Bhakti Movement in the South


Bhakti Movement in the South The transformation of a tribal society into a wellstructured social order and the emergence of a powerful monarchical system of governance necessitated patronizing one religion or the other to legitimize authority. Buddhism and Jainism were predominantly patronized by the merchant class and they were also supported by the States. The Bhakti movement originated among the landholding castes, and it was critical of Buddhists and Jains. This also led to a fight for royal patronage.

Conflict with Buddhism & Jainism Sources:

The bhakti literature, mostly puranas and hagiographical texts, provide information about the religious conflicts in Tamilnadu. Thevaram consists of the hymns by the three Nayanmars: Appar (Thirunavukkarasar), Sambandar (Thirugnanasambandar) and Sundarar. Together these constitute the seven of the twelve Saiva Thirumurais. The Eighth Thirumurai consists of the hymns of Manickavasakar. Many of these hymns articulate their criticism of Jainism and Buddhism. Periyapuranam by Sekkizhar which narrates the stories of the sixtythree Nayanmars is an important source for the study of the Bhakti movement. The hymns of the Vaishnava saints, Azhwars, are compiled as Nalayira Divya Prabandham. The importance of the bhakti poems lie in the fact that they are still read, sung and revered by people, and they also form an important part of Tamil literary tradition. Epigraphical sources and iconography also provide much information.

Early Conflicts

The earliest instances of conflict between Saivism and Vaishnavism on the one hand and the Sramanic sects of Buddhism and Jainism on the other hand occurred during the Pallava period. Mahendravarma Pallava I, a Jain by faith, persecuted those belonging to other religions. Appar, a Jaina in his early life, called Darmasena, later turned to Saivism under the influence of his sister. Mahendravarma at the instance of his Jaina advisers tried to reconvert Appar first by persuasion and then by persecution. But eventually it ended in the king himself conversion to Saivism. According to tradition, Sambandar defeated the Jains in a theological debate and consequently his opponents were impaled. Maravarman Arikesari (640670), also known as Koon Pandyan, who converted from Saivism to Jainism, was later re-converted under the influence of Sambandar. According to a Saivite legend, after his re-conversion, he ordered a massacre of Jains in Samantham, a village in Madurai district.

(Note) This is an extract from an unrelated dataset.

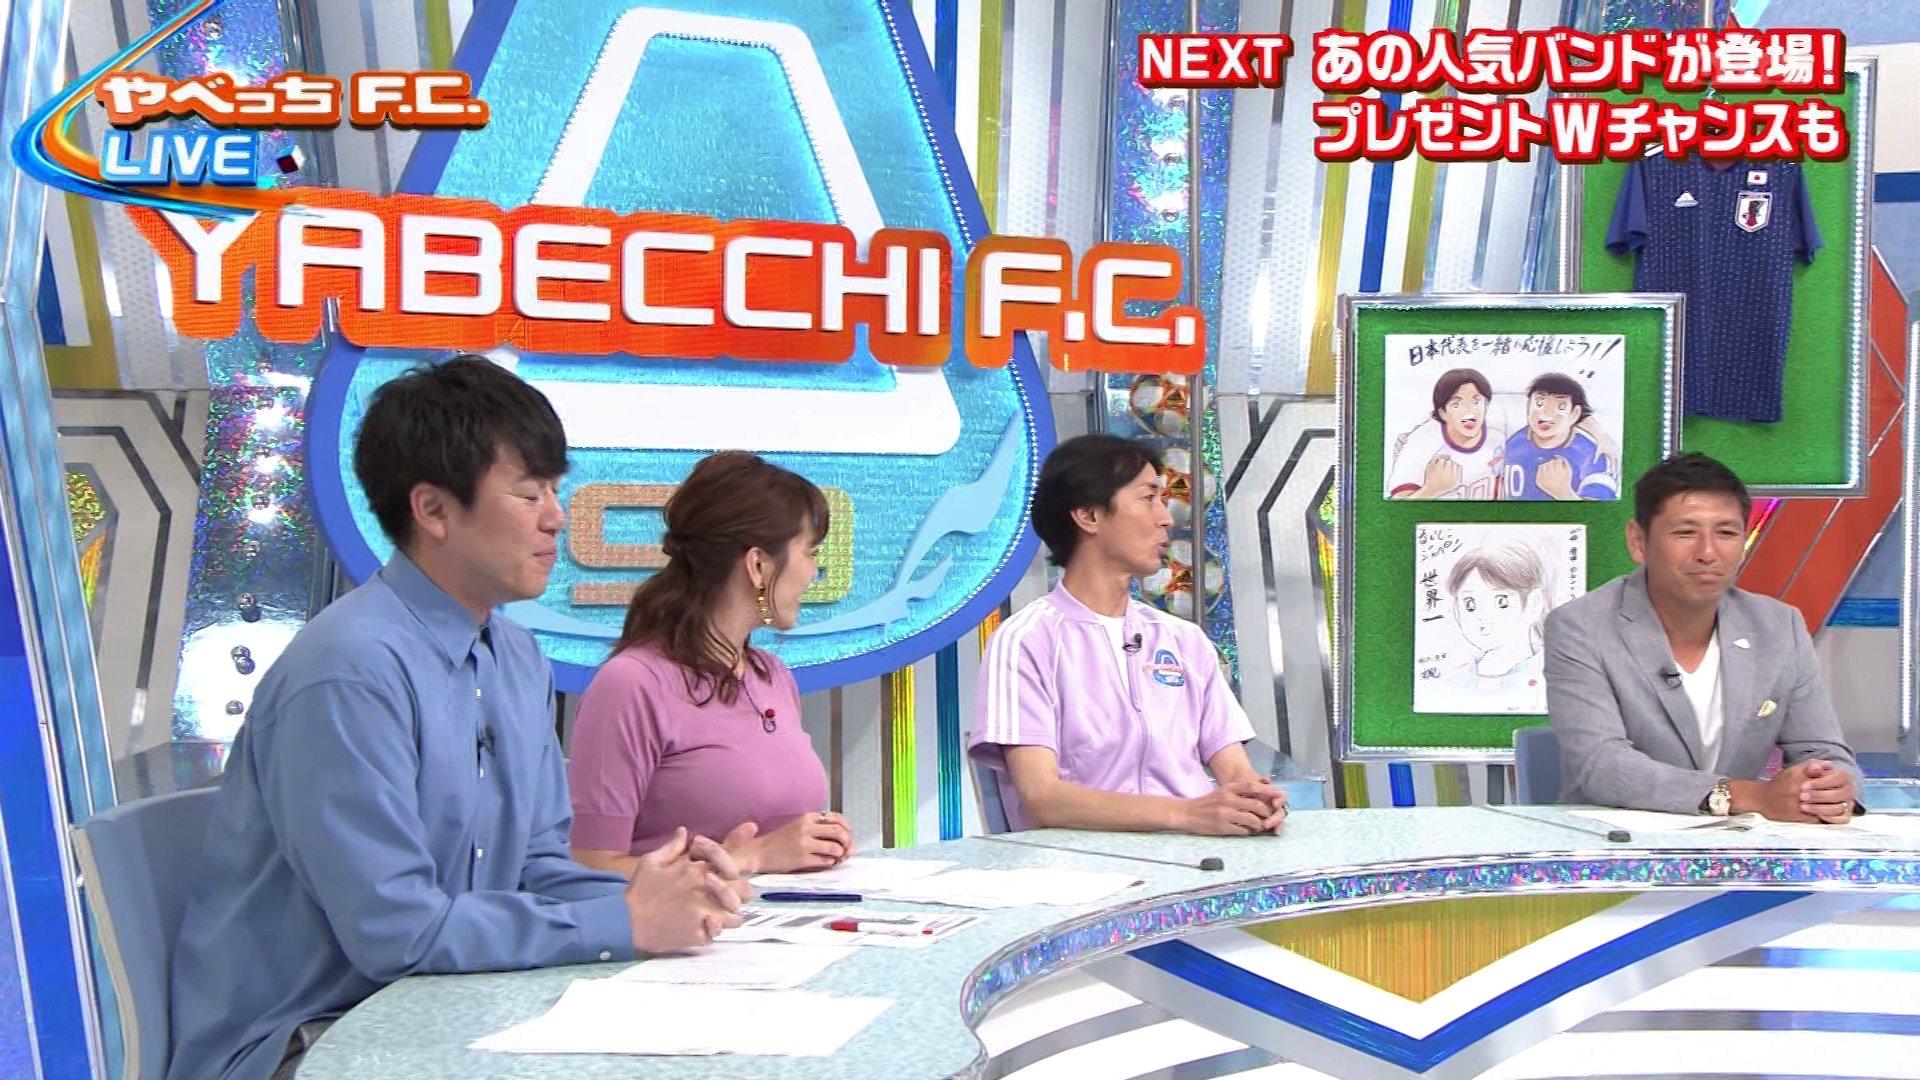 2019年8月18日に放送された「やべっちFC」に出演したテレビ朝日女子アナ・三谷紬さんの画像-046
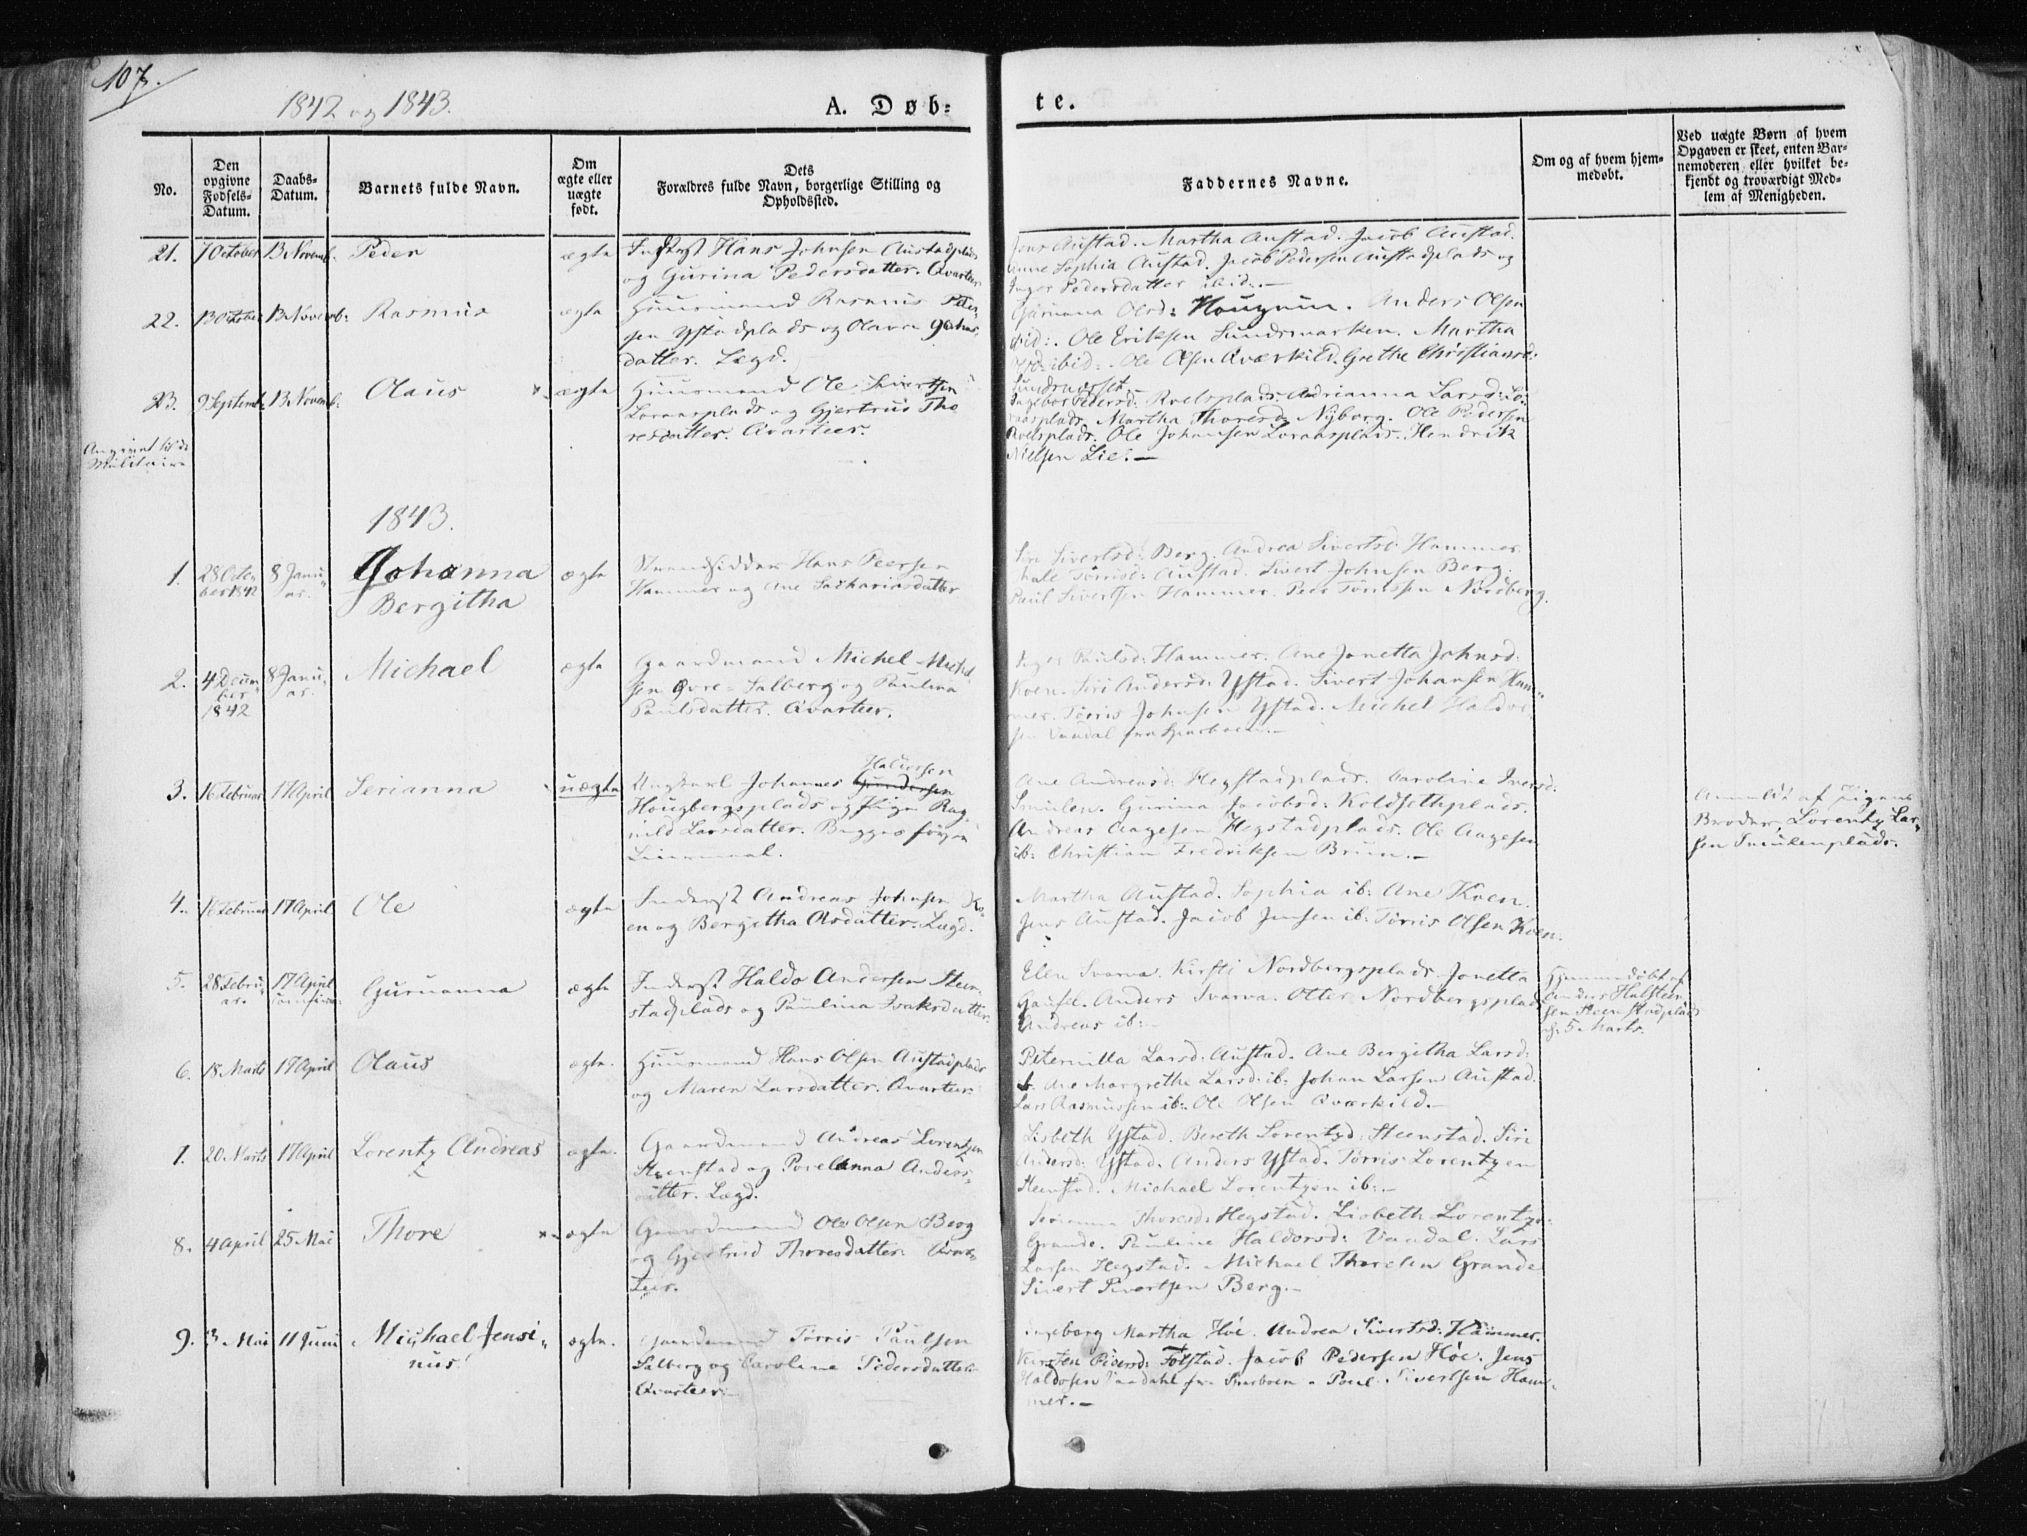 SAT, Ministerialprotokoller, klokkerbøker og fødselsregistre - Nord-Trøndelag, 730/L0280: Ministerialbok nr. 730A07 /2, 1840-1854, s. 107

The philosophical treatises such as the Saiva Siddhanta texts contain elaborate disputations of Buddhist and Jain philosophies. Some of the Saiva Siddhanta texts, such as Sivagnana Sithiyar, contain a separate section called ‘parapakkam’ which essentially refute Buddhist and Jain theological arguments. Bhakti literature and hagiography narrate instances of conflict and the defeat of heterodoxy. Inscriptions indicate that such conflict was accompanied by violence with the impaling of many monks.

Despite the sophisticated philosophical disputation, it was the nature of the Bhakti movement and the royal patronage that it received that ultimately led to the downfall of Buddhism and Jainism. By the eleventh century, both these religions were effectively defeated. While Buddhism was wiped out in the Tamil country as in much of India Tamilspeaking Jain communities have survived in pockets in Tamilnadu to this day. Temples and shrines were destroyed or fell into disuse while many artefacts were lost due to neglect and vandalism. To this day one can see decapitated statues of Buddha and the Jain thirthankaras in many parts of Tamilnadu. Despite this, the orthodox and heterodox interacted with each other and they have left a mark. The idea of renunciation, which is central to Buddhism and Jainism, was adopted by Saivites and Vaishnavites. In response to the simplicity and life negation of the heterodox sects bhakti movement celebrated life with festivals and rituals. Similarly, the high value accorded to vegetarian food habits and the prohibition on killing of animals may be traced to this influence. The supremacy accorded to the Tamil language was a response to the fact that the heterodox religions used north India Prakrits. Most importantly, bhakti exponents posited that, unlike the fatalistic religions of Buddhism and Jainism, devotion to Vishnu and Siva could overcome fate. Thus Vedic Hinduism was transformed by the conflict with Buddhism and Jainism.